There will not be an end to war until there are no more weapons manufactured and sold to fill private and government coffers.

Jun. 13 2012 11:16 AM
Mike from Inwood

When it comes to educating men to be different people, I'd like to point out that the primary care givers of both little girls and little boys are women. Read "In a Differnt Voice". When women bond with their female children, (and talk to them in different voice) they inevitbly push their male children away and talk to them in another voice. It was my mother who taught me that I did not belong with my sisters, not my distant father.

May. 26 2012 01:38 AM
Jackie Goodrich from Brooklyn

To me, the more urgent questions focus on understanding our own behavior as a nation: Why is the United States so strongly inclined toward waging war (as evidenced by our nearly unbroken history of violence toward various peoples, domestically and abroad)? What is it we think we're doing when we wage war? What are we actually doing?
I believe we need to recognize the carefully tended mythology of war for what it is——compelling, seductive stories that capture some of our deepest emotions and keep us trapped in delusion. Let's instead find the courage to face truth and look at war's real impact on us and on those we fight. Until we are willing to do so, we as a society (although not all of us as individuals) will continue to bear arms, drop bombs, and deploy drones against other men, women, and children.
Many individuals are bearing witness to their experience of war. These are the people we should be paying attention to before we decide to loose the next round of death and destruction. One place to listen is http://soldiersandcivilians.org

May. 25 2012 04:29 PM
Sylvia Mendel from NYC

In my work-life post-traumatic stress disorder (PTSD) was my specialty. Depression, the most frequently diagnosed mental health disorder frequently masks PTSD then anti-depressants are prescribed. PTSD is endemic in the population from events that are private wars, e.g. domestic abuse, rape, child abuse in families and in institutions where it is covered up. This morning I heard an NPR interviewer express surprise that foster children have PTSD. It's extraordinary how rigid denial can be. We've known about PTSD under different names at least since World War I. Yet it is only now that officials in government and the military service fully acknowledge its existence and its severity. What no one has said yet is that it changes the physiology of the brain which affects learning therefore life choices.
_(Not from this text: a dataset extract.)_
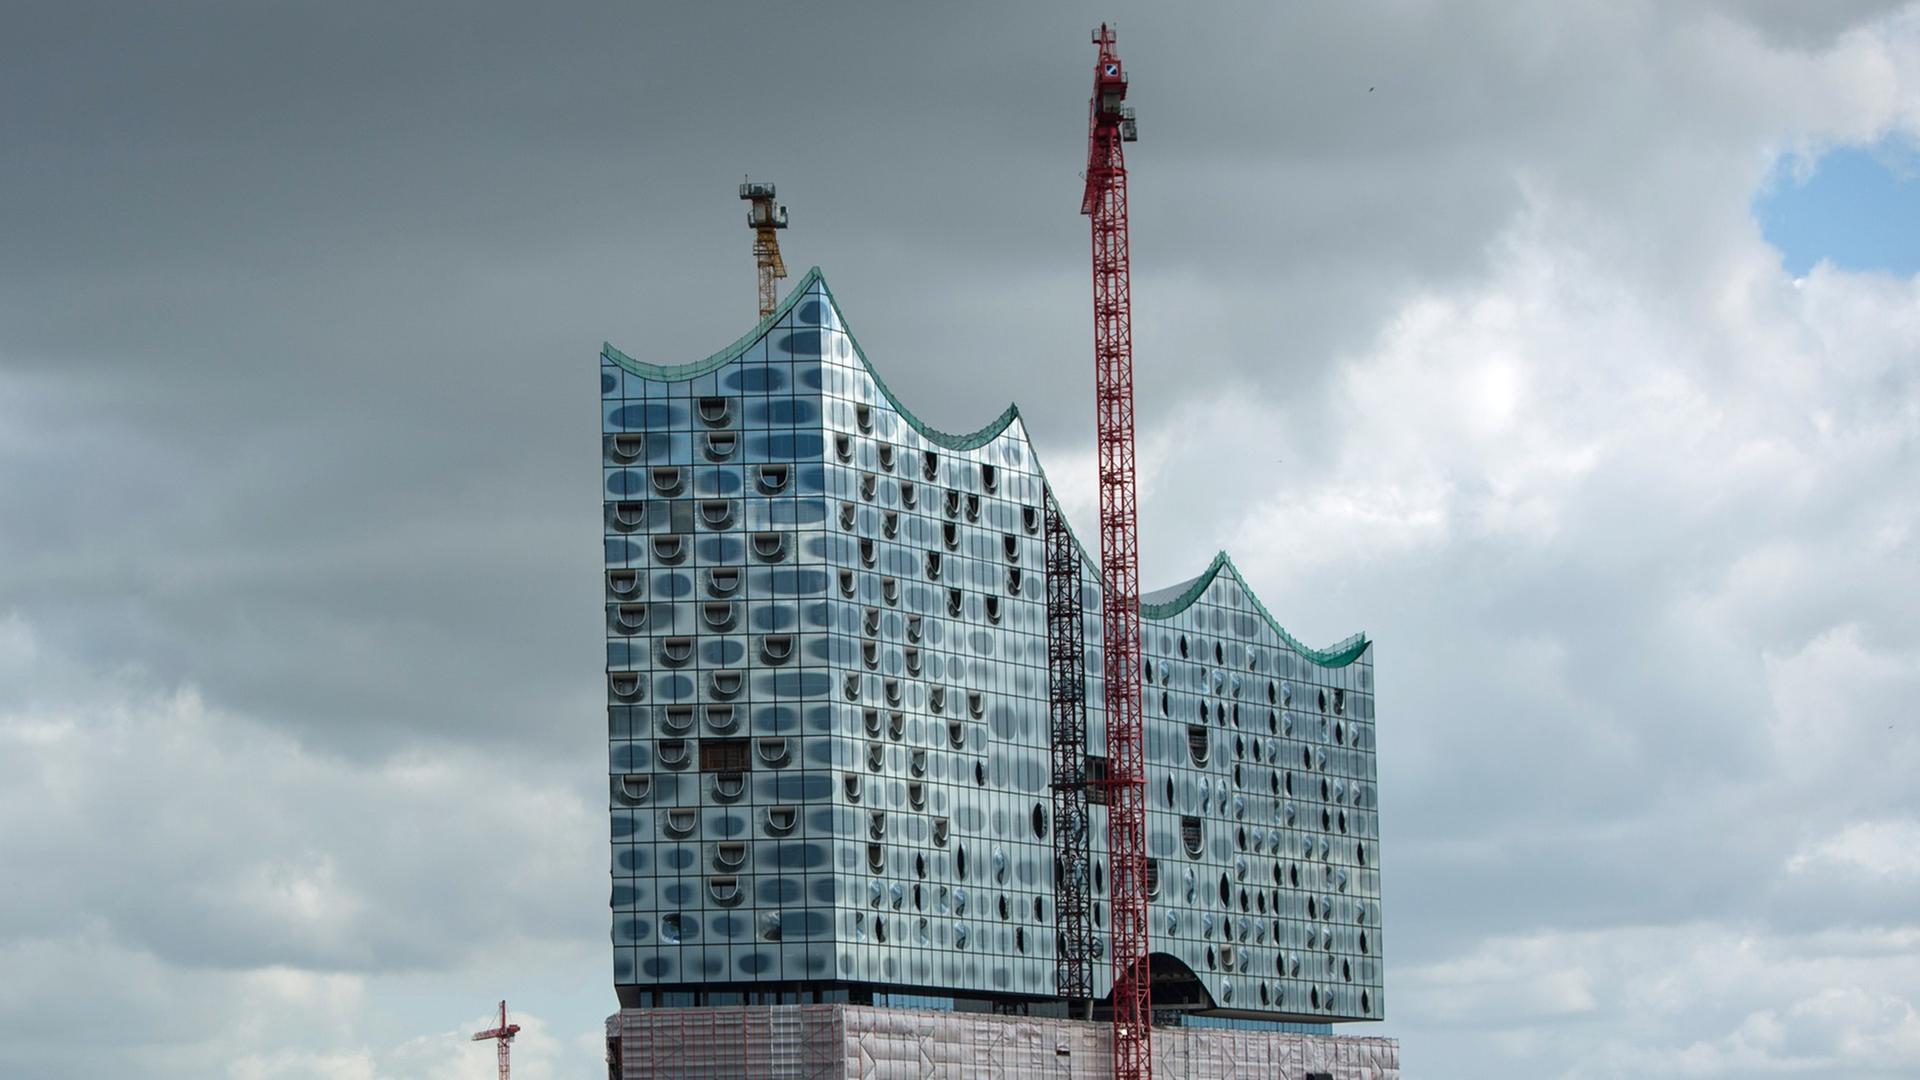 Die Elbphilharmonie in der Hafencity in Hamburg - sie wurde mehr als zehn Mal so teuer als geplant.
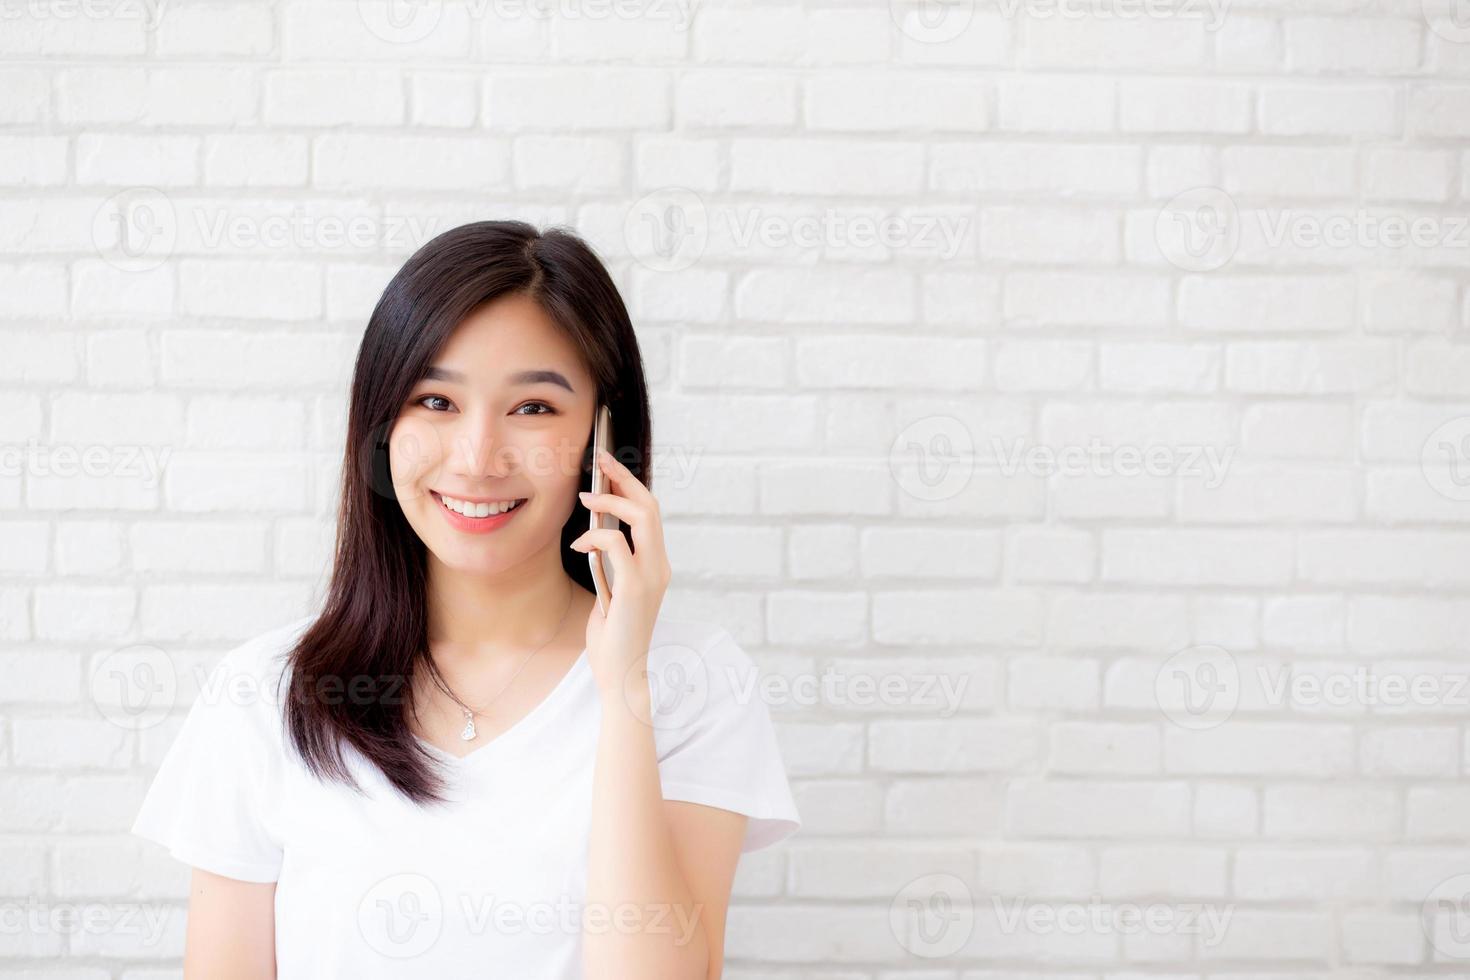 schön des Porträts junge asiatische Frau spricht über Smartphone und lächelt auf Zementsteinhintergrund, freiberuflich tätiges weibliches Telefon, Kommunikation des mobilen Konzepts. foto

We haven't looked yet at the collateral damage i.e. the destruction of families and the intergenerational reverberations. Further, we have not adequately addressed how children can grow into caring productive people unless we address the private wars that cripple their potential. I refer to the child abuse hidden for so many years in families and in institutions supposed to care for children. This ignorance haunts my old age and I feel like King Lear howling in the wind. The DSMV could change this. They ask for public comment late in the game - deadline June 13th. If they applied the knowledge we have about child development and trauma and its central role in later events the effect on children's lives would be almost miraculous. Teachers could be trained to note the symptoms and
legal mechanisms could probably protect them more effectively. It's notable that PTSD is prevalent in prostitutes. This research was reported once in the NY Times many years ago. Some like to say that this "profession" is a choice and some call it "sex work." Choices are only choices when there are options. If there's sexual abuse in the family many children run away and prostitution presents as the only option. Children can't learn when they fear going home. It isn't different from the battles that one gets paid for. Interviewers on public radio unintentionally lie by omission. They need to study the subject more diligently. They are in many ways untutored. For, ultimately it's information we don't have or lies of deliberate omission that put us all at risk, but especially children. So those who need to do better don't ask the relevant questions because they're not aware of gaps in the narratives. I believe there can be an end to war. However, those who cannot defend themselves against predators are defenseless and cannot envision an end to their situation. And isn't it the children we must teach the tactics of peace?

May. 25 2012 02:58 PM
jgarbuz from Queens

My solution: Draft women into the military and let the men stay at home to take care of the kids.

May. 25 2012 12:15 PM
Jessie Henshaw from way uptown

Paul, I really appreciate your and Brian's acceptance that male culture may be primarily responsible for how much of the world's violence is done by men.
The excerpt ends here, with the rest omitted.